We hope that our work will give exposure of the Frictionless data containers to a community of neuroscientists who share data. Neuroscientists historically have been reluctant to share data, but this attitude is changing and so have having smooth tools to allow data sharing is important.
Work done to date
We have the data sets already for goal 1; we have the Matlab algorithm for goal 3; we need now to learn how to use your tools to achieve the aims of the project.
My research group has a longstanding interest in open science and making our tools and datasets available. I have recently successfully passed a "10 year reproducibility challenge" of a paper written in 2008 https://github.com/ReScience/ten-years/issues/1#issuecomment-621473377, and a 2015 paper of mine just this week was successfully reproduced at a ReproHack meeting. The work in this project will be conducted with the same view of long-term availability and reproducibility. One option is to put some of the core code for accessing the electrophysiological data into our R package, meaRtools (Gelfman et al. 2019) and use continuous integration tools during package development.
Betzel RF, Avena-Koenigsberger A, Goñi J, He Y, de Reus MA, Griffa A, Vértes PE, Mišic B, Thiran J-P, Hagmann P, van den Heuvel M, Zuo X-N, Bullmore ET, Sporns O (2016) Generative models of the human connectome. Neuroimage 124:1054–1064 http://dx.doi.org/10.1016/j.neuroimage.2015.09.041
Cotterill E, Charlesworth P, Thomas CW, Paulsen O, Eglen SJ (2016) A comparison of computational methods for detecting bursts in neuronal spike trains and their application to human stem cell-derived neuronal networks. J Neurophysiol 116:306–321 http://dx.doi.org/10.1152/jn.00093.2016
Eglen SJ, Weeks M, Jessop M, Simonotto J, Jackson T, Sernagor E (2014) A data repository and analysis framework for spontaneous neural activity recordings in developing retina. Gigascience 3:3 http://dx.doi.org/10.1186/2047-217X-3-3
Gelfman S, Wang Q, Lu Y-F, Hall D, Bostick CD, Dhindsa R, Halvorsen M, McSweeney KM, Cotterill E, Edinburgh T, Beaumont MA, Frankel WN, Petrovski S, Allen AS, Boland MJ, Goldstein DB, Eglen SJ (2018) meaRtools: An R package for the analysis of neuronal networks recorded on microelectrode arrays. PLoS Comput Biol 14:e1006506 http://dx.doi.org/10.1371/journal.pcbi.1006506
Your Github/Gitlab profile
Why should we choose to work with you?
I have a longstanding interest in open science and reproducible research, themes that are shared with the OKFN. I had a good experience working with your team in our pilot study on retinal mosaics several years ago and wish to continue our working relationship.

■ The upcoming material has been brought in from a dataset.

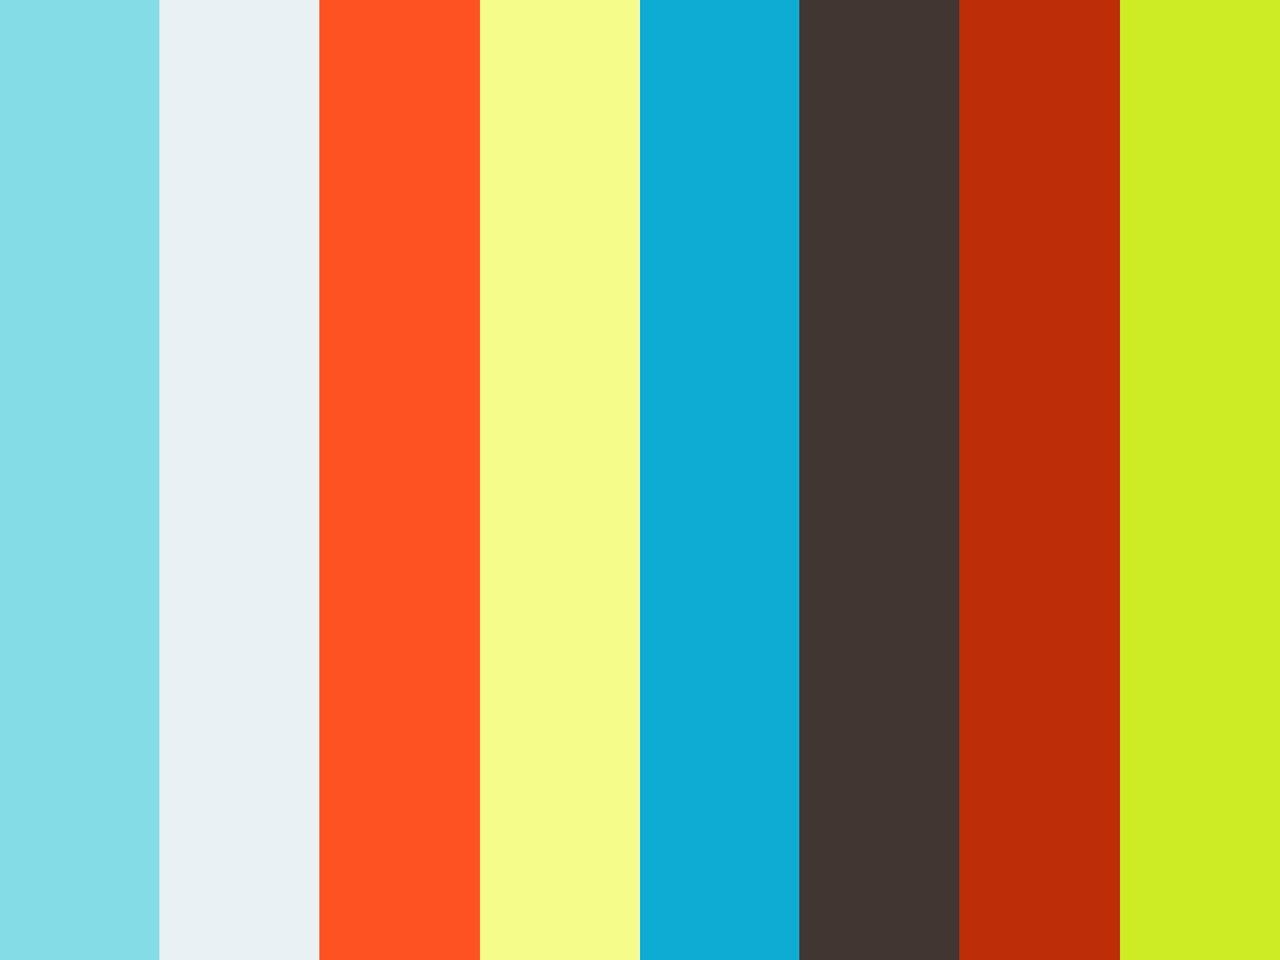 Creo 4.0 - Subrutinok támogatása a mintázat felhasználói felületen

What do you think are the advantages of the Frictionless Data approach towards removing the friction in working with data?
The idea of putting data into containers is very appealing and matches what has been done for computable workflows, e.g. in Docker. A key adage in computational biology is that "80% of a researcher's time is spent shuffling data from one place to another". Frictionless data should reduce that time demand significantly, and also hopefully lead to reduced errors when data from different sources are integrated.

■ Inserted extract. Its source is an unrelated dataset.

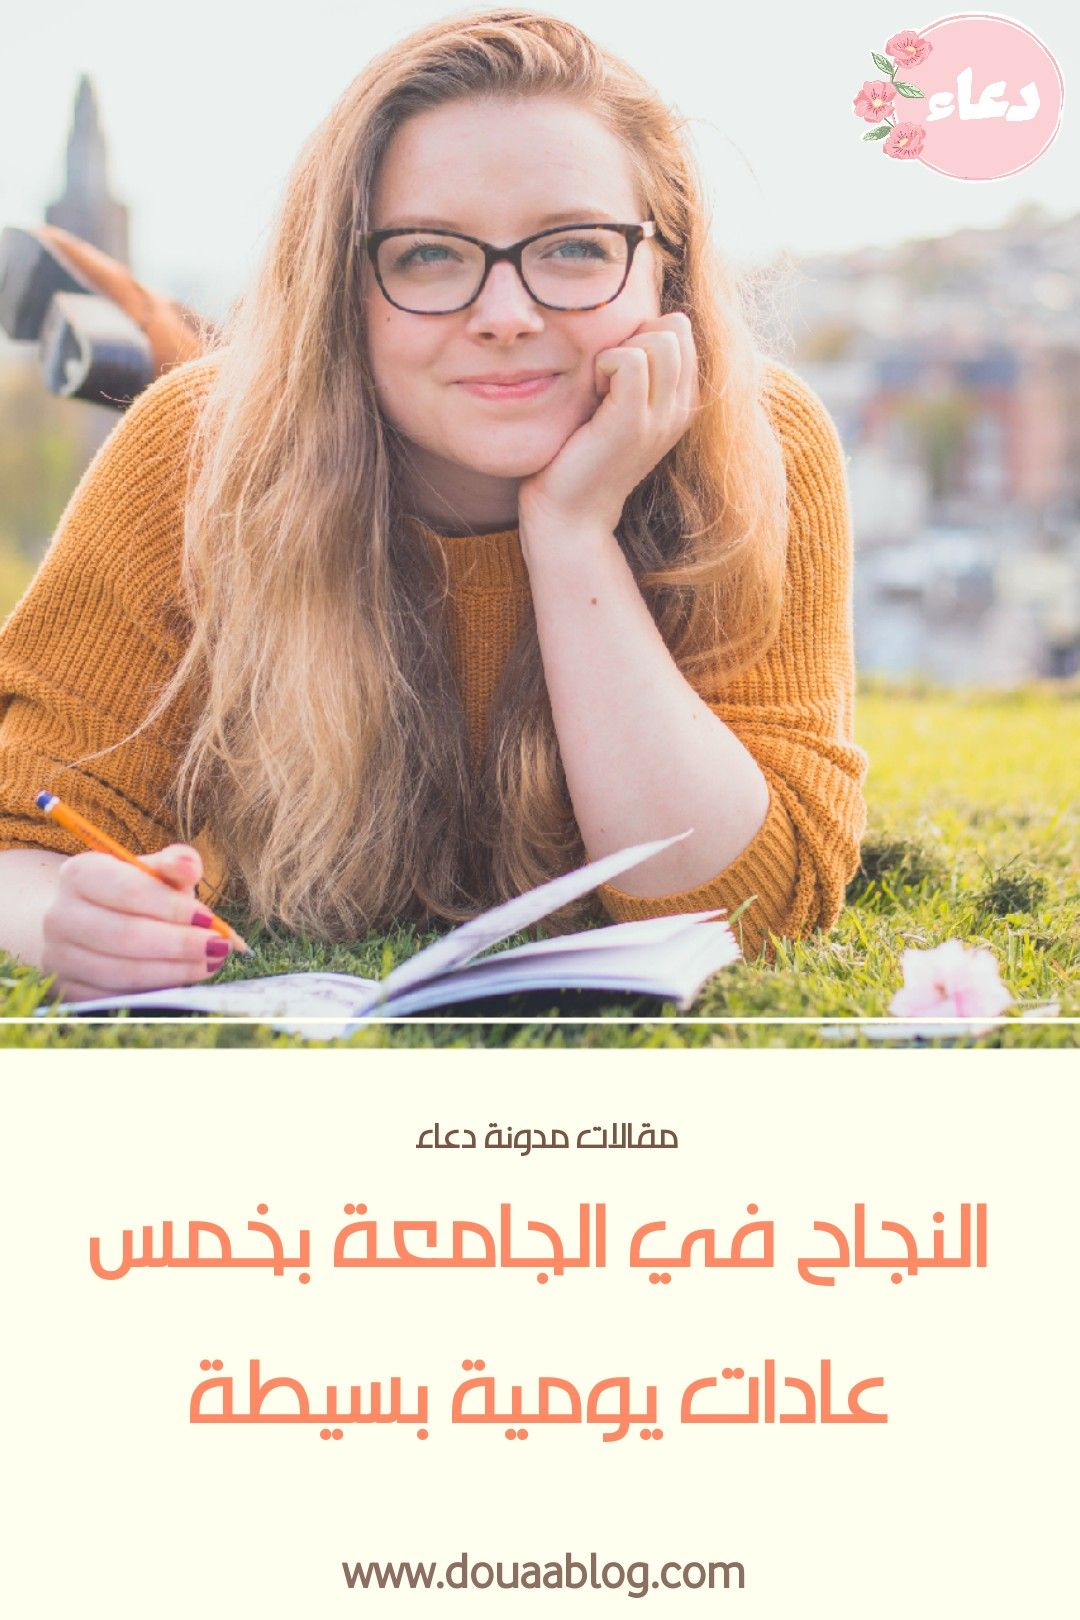 النجاح في الجامعة الكلية Couple Photos Photo Couples

When are you able to start and complete the work?
I plan to hire a Cambridge undergraduate (who has already been identified and would like to work on this project) to start working on this over the Summer. We are working on the assumption that most of the work will be done remotely due to COVID-19, even though the student lives in Cambridge. The bulk of the computational work should be done by mid September, leaving time hopefully for us to write up our findings for potential publication by the end of the year.
Is there anything else you would like to let us know?
I estimate that at least 3000 USD of the budget will be used to pay the student at standard rates for undergraduate interns at the Faculty of Mathematics at Cambridge. I would like to reserve 1000 USD to cover article processing charge at a journal like F1000 Research. Any remaining funds would be used to either hire the student for slightly longer or to support compute access and matlab licence, and for long-term storage of datasets.